The photo of Mr Briggs' father, wearing bathers and with a towel over his shoulder, was probably taken when Charles Perkins, the Aboriginal leader of the Freedom Riders, took a group of Aboriginal children into the pool in mid February, 1965, to protest against segregation.
The portrait is labelled, "Ronald McGrady (right) and friend, Moree Pool/ February 1965/ The Tribune."
Now the State Library is asking the public to help identify other people in a group of 101 previously unpublished images of the Freedom Ride. They were taken by a journalist from The Tribune newspaper, Noel Hazzard, who followed the students' bus trip to north-west NSW to protest against Aboriginal living conditions.
The images are posted on Flickr, and will be on display at the State Library from September 5.
Looking at the newly digitised images, Mr Briggs spotted his dad. "I found this one, and I thought, "oh, that's dad". I freaked out," he said. "I just couldn't believe it," he said of his father, who was raised on the mission in Moree and died in 1984, aged 34.
"I remember him being a grumpy old hairy guy, telling me what to do. But seeing (dad) as a baby-faced boy is amazing," he said. The family has only a handful of images of the young Ronald McGrady; cameras were too expensive in those days for his family.
The photos document the Aboriginal people in the missions, reserves and camps in Moree and Walgett.

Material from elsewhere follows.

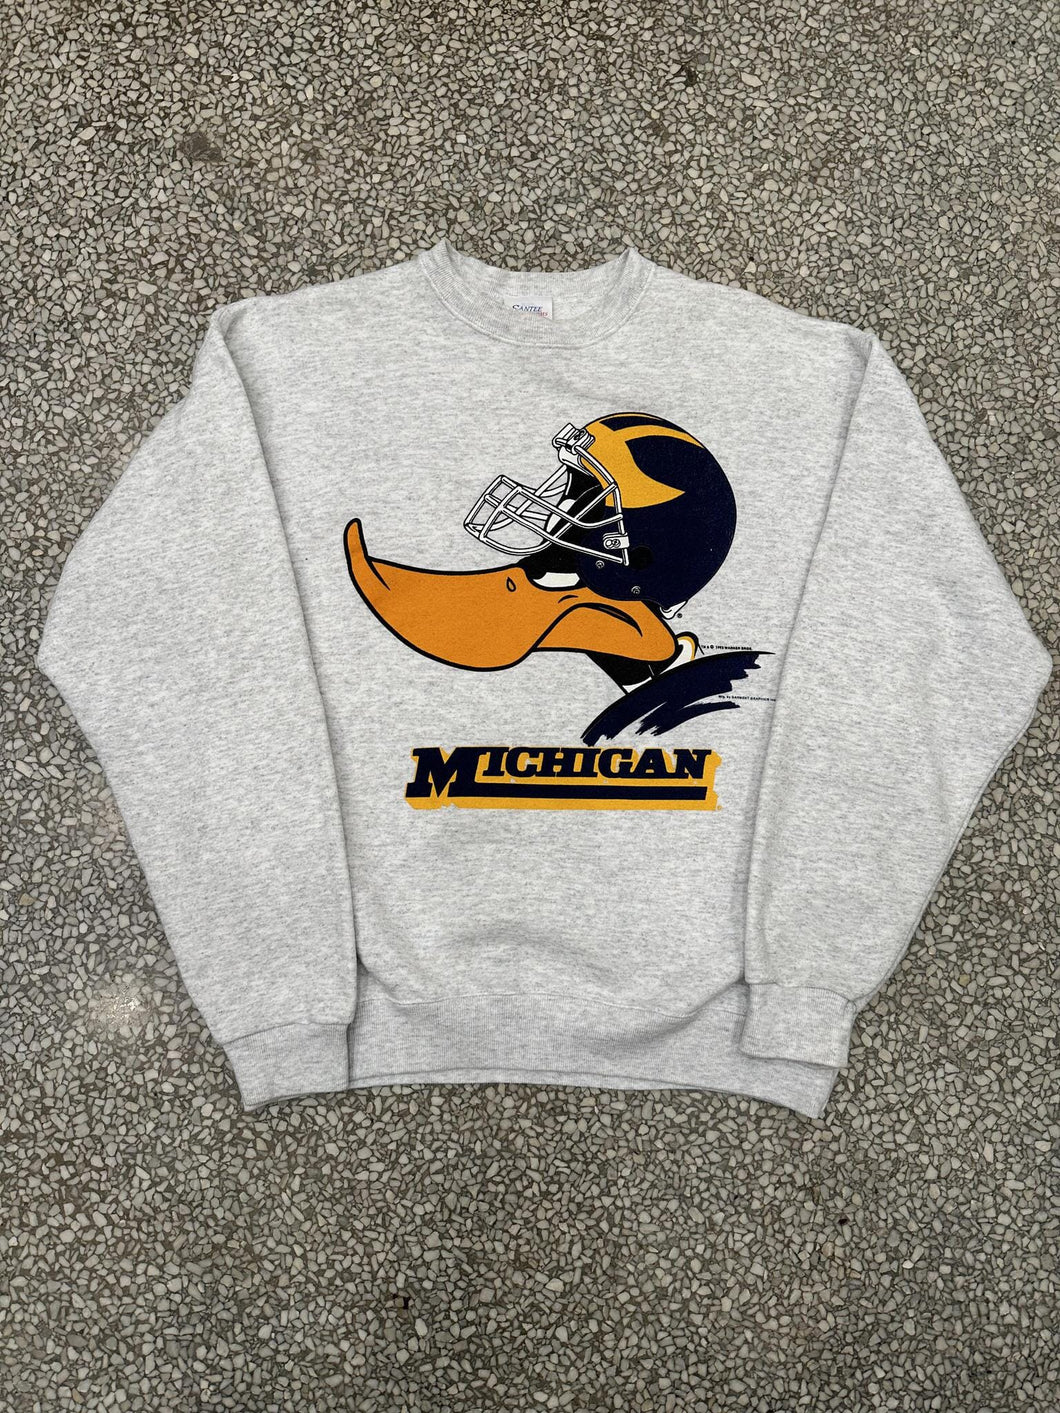 Michigan Wolverines Vintage 1993 Daffy Duck Crewneck Grey ABC Vintage 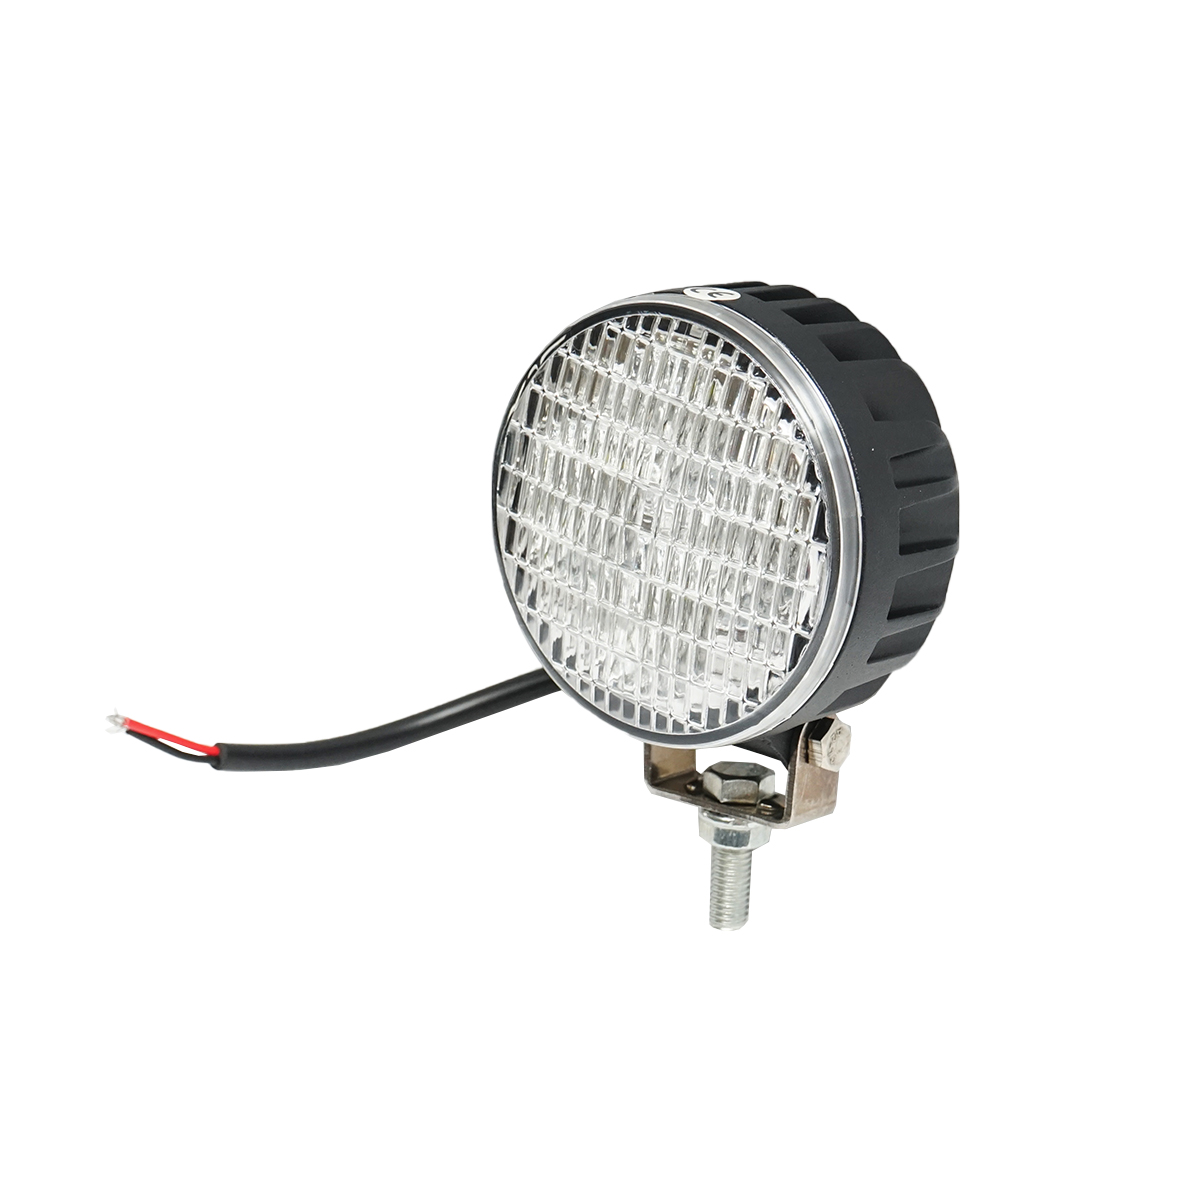 Lampa 4 LED-uri 10-30V 12W unghi de radiere 60 grade

They include images of the Freedom Riders — students from Sydney University — including Mr Perkins, one of the the university's first Aboriginal students, and Ann Curthoys, who wrote a book to document and expose Aboriginal living conditions.
Ms Curthoys wrote that it was the Moree leg of the trip that most people now remember. "And it was in Moree that so many people now say the Freedom Ride changed race relations forever," she wrote in her book.
At the pool, Mr Perkins asked for a ticket for himself "and these 10 Aboriginal kids behind me".
But the manager replied, "Sorry, darkies not allowed in."
Mr Perkins entered anyway. A few days later, when the Freedom Riders heard that the council had reneged on a promise to lift the ban, they returned, collecting children from the mission to take into the pool.
In May 1965, Moree Mayor Lloyd — the same man who is seen in the photos escorting one of the protesters away from the pool — moved a motion to rescind the ban. It was passed.
The images were contained in the archives of the Communist Party's newspaper, The Tribune, which were donated to the State Library in 1992. The Library is slowly digitising the 60,000 negatives from the newspaper's photo archives which covers protests in the 1960s, 70s and 80s including the Vietnam War, women's rights, gay rights and anti-apartheid protests.